Visualising Babesiosis in the US (2014-2017) using data from Project Tycho


#1

I am a university student at Swansea University doing a Data Visualisation coursework. I am trying to visualise health data, specifically from Project Tycho. I am trying to visualise the number of cases of Babesiosis in the USA for the years 2014-2017

Data from:
https://www.tycho.pitt.edu/dataset/US.21061004/
Van Panhuis W., Cross A., Burke D., Counts of Babesiosis reported in UNITED STATES OF AMERICA: 2013-2017 (version 2.0, April 1, 2018): Project Tycho data release
DOI: 10.25337/T7/ptycho.v2.0/US.21061004

Description of Image:

Visual Design Type: Packed Bubbles

Name of Tool: Tableau

Country: United States

Disease: Babesiosis

Year: 2014-2017

Visual Mappings:

Admin1Name to colour, SUM(Count Value) to size, SUM(Count Value) to label, Admin1Name to label, Admin1ISO to label

Unique Observation:

Throughout the four year period 2014-2017, it is evident that New York and Massachusetts were the most affected places. It is also easy to see that the third most affected place for the years 2014,2015,2016 was Connecticut. However in 2017 the number of cases there decreased dramatically. This however was not the case for New York. The number of cases increased by approximately 50% since the previous year.

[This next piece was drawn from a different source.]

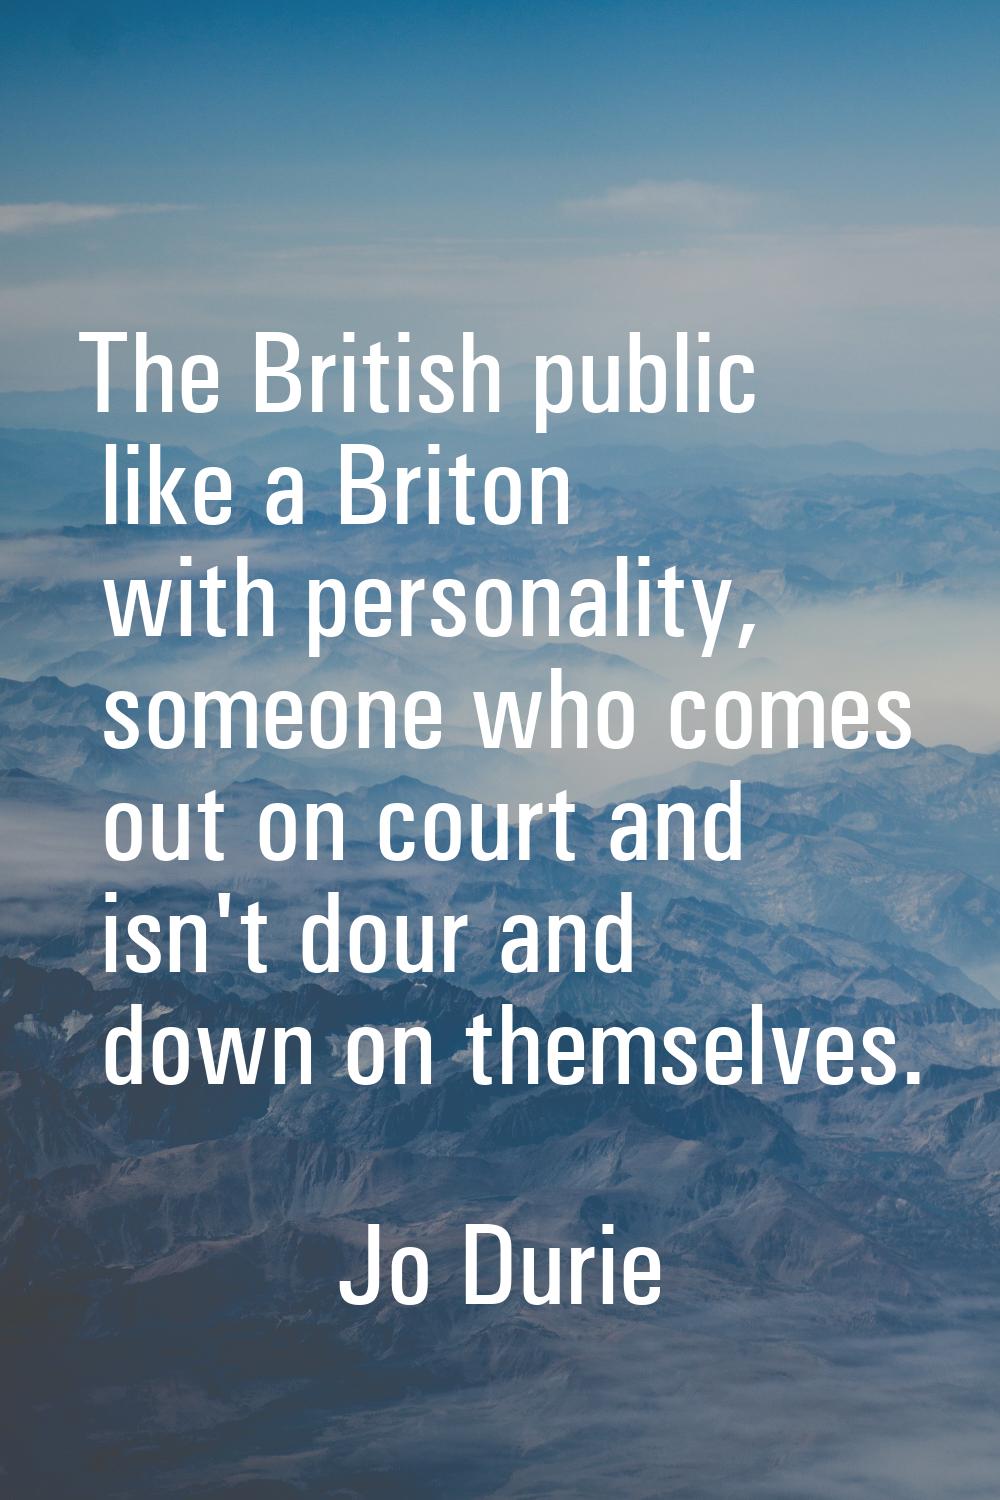 The British public like a Briton with personality, someone who comes out on court and isn't dour an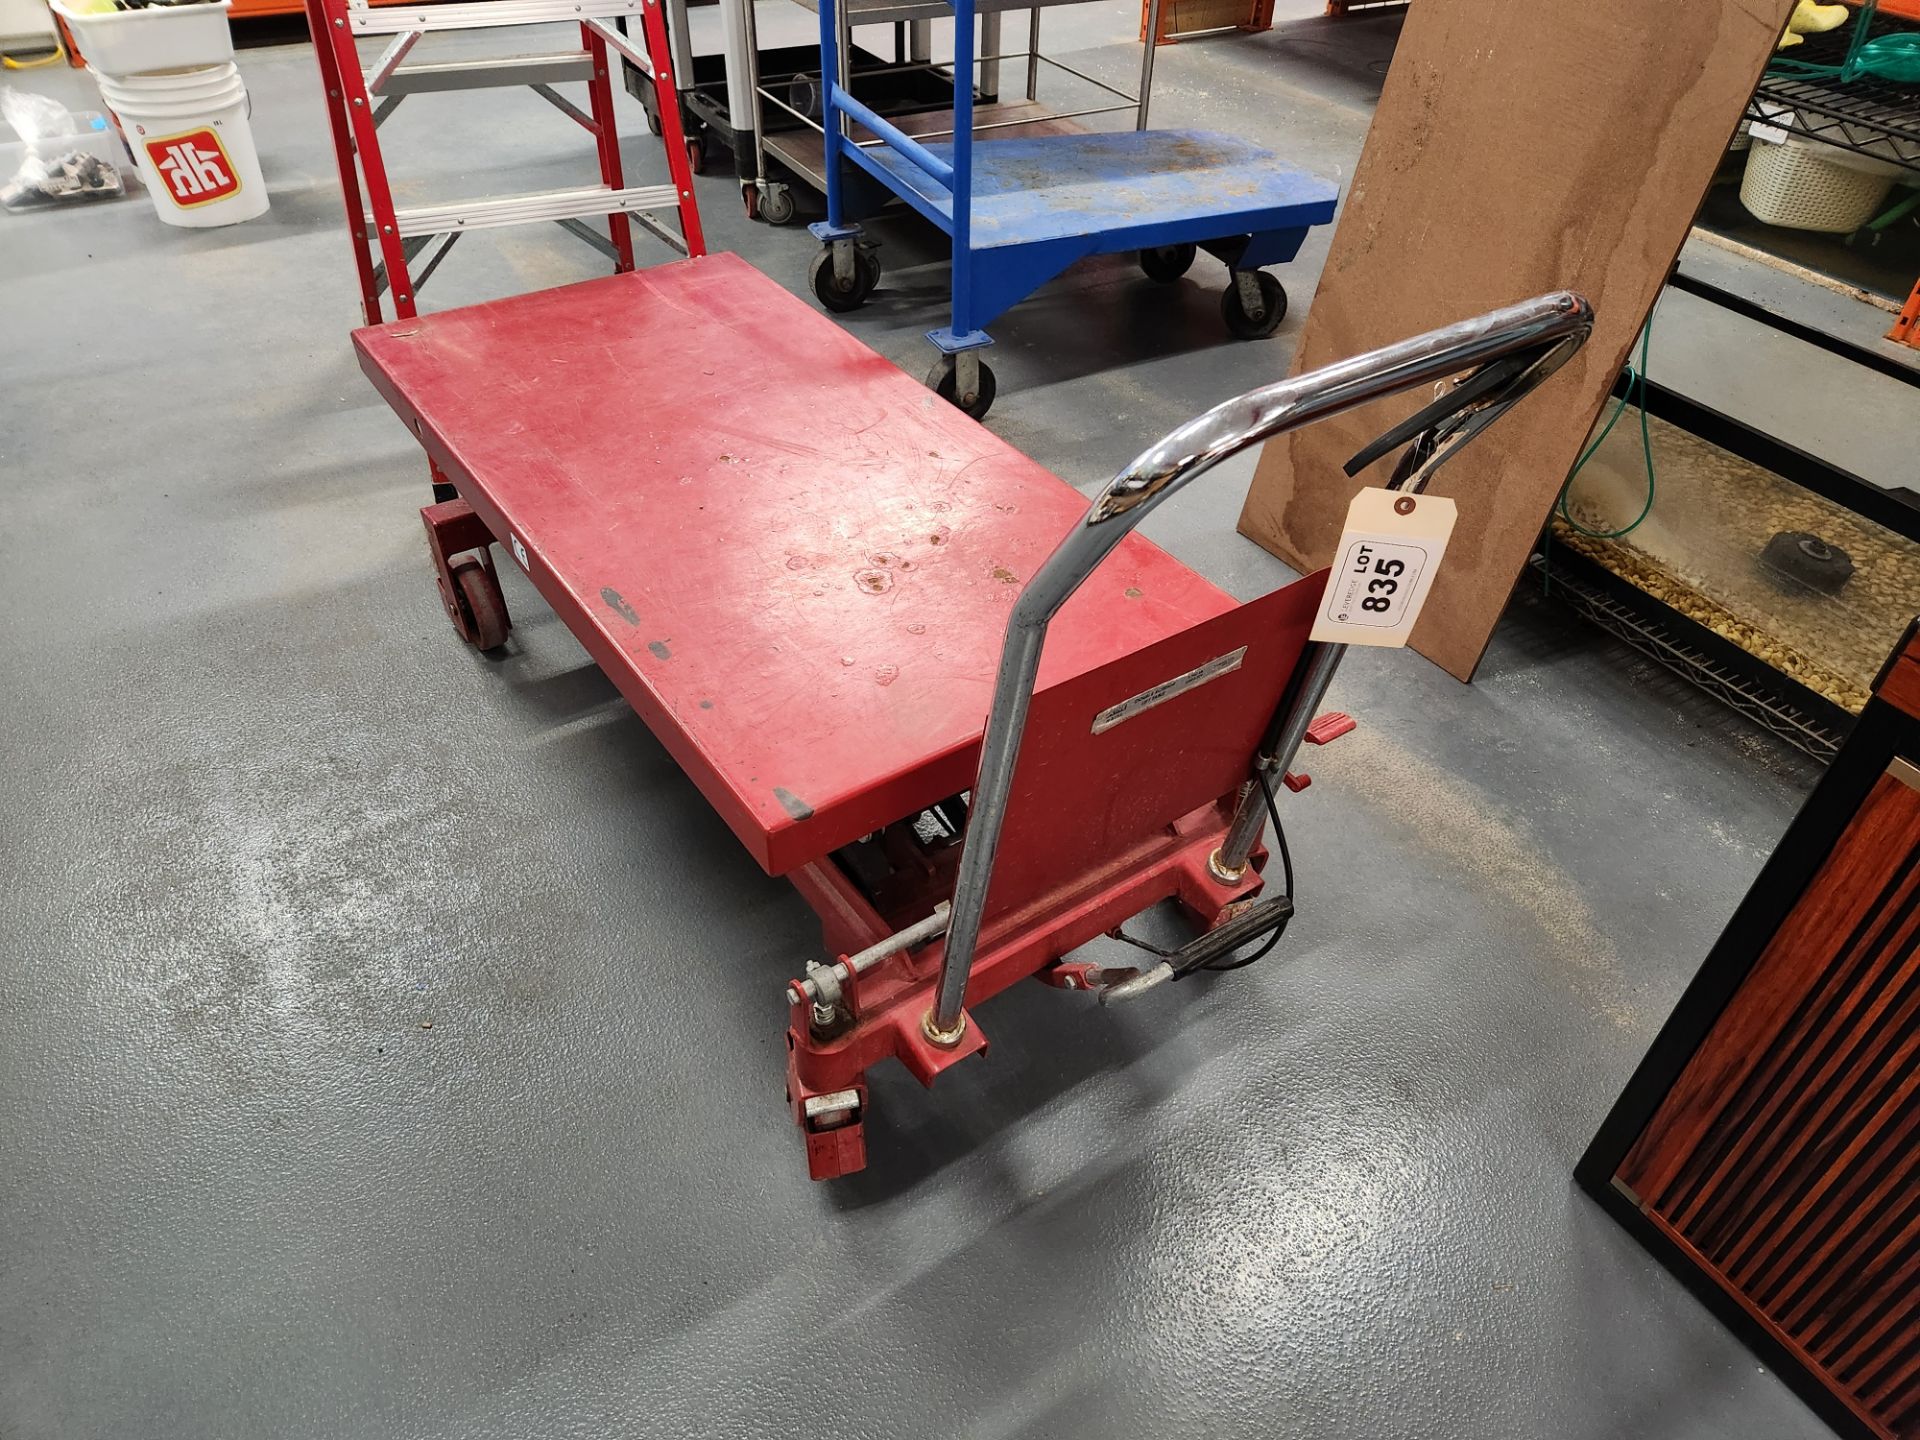 Uline H-8152 Double Scissor Lift Table (Can't be removed until Saturday April 27th)

I am looking for some advice on my design. More specifically:
Does the type of visual design chosen make sense for this dataset?
Is my observation correct?
How could I improve my design to get more information from it, and, are there any other methods I could use to better visualise the data?


#2

Hello,
If you are using colours to denote the different states, then perhaps a bubble graph would be overkill. I would recommend making use of the colours to convey more information, maybe some sort of scale that includes some other metric to measure the data with.
Assuming your data is correct, the observation you have made would also be correct, something that is shown clearly from your apt use of labels to denote the actual figures for total babesiosis counts in each state.
I answered your third question in the first paragraph so i think would be unnecessary to repeat myself.
i Hope this clears things up for you.